L: It's the circle of life. It sure didn't bother me when I was in my mid-20s breaking into the business, thus pushing older writers aside. Sensibilities change, target audiences change, and truthfully I'm at a point in my life where I no longer want to work 50-60 hour weeks on staff. Not that anyone is offering. But that's OK. Thankfully I don't have four ex-wives, six college-age children, or an urge to bet on the Cubs.
Q: Your daughter Annie is a writer. The business is always tough for everybody, but has the playing field leveled at all for women?
L: It's certainly better now than when I broke in. But I've worked with women writers on practically every show I've been on. Not because I'm enlightened, but because they are wonderful writers and deserve every opportunity they receive.
Q: When possible, you travel across the country to see your plays onstage and have post-show talk backs if requested. This is incredibly supportive for the theaters. Has this dedication had generally positive results for you?

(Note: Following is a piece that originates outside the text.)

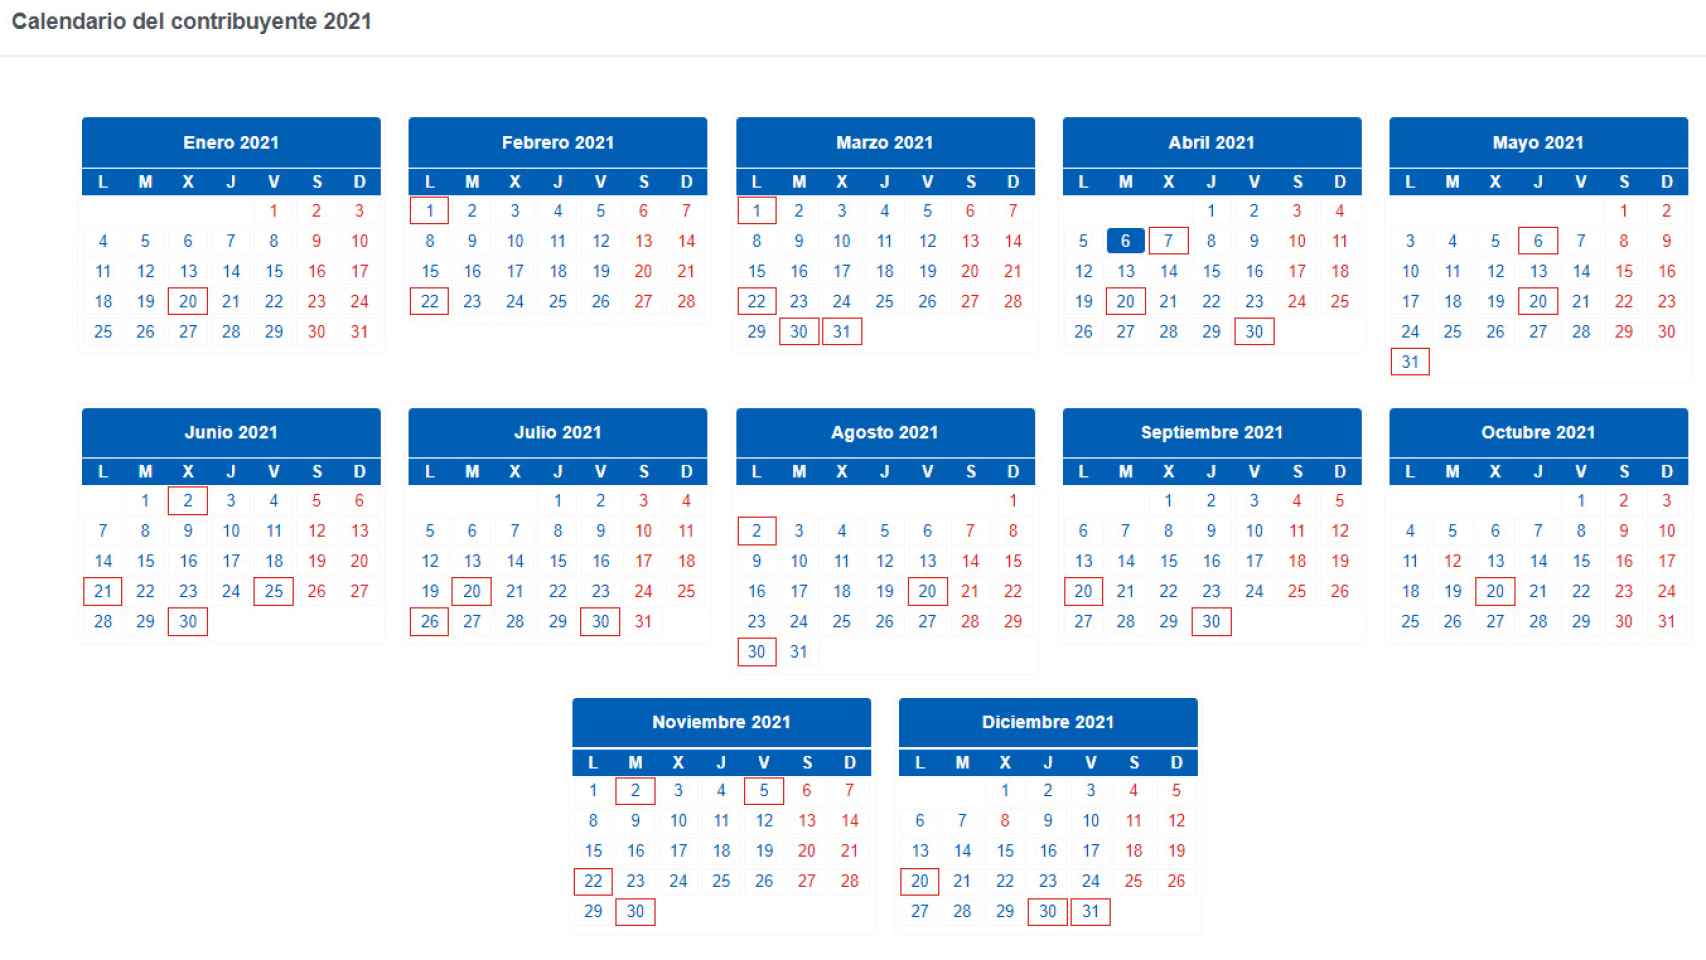 Calendario del contribuyente 2021

L: Absolutely. I so appreciate the hard work that goes into a full production of a play -- from the cast to the crew -- and I'm thrilled to be able to personally thank them and see what they've done. And it's great to hear the laughter. That's really why I do it.
Q: The inevitable: What's next for you?
L: I have two new plays, a comedy-mystery, "What is Murder?" and a new political-romantic-comedy set in the late '60s called "Love and Tear Gas." I also do a weekly podcast, "Hollywood and Levine," and for the last couple of years I've been a contributing cartoonist to the New Yorker magazine.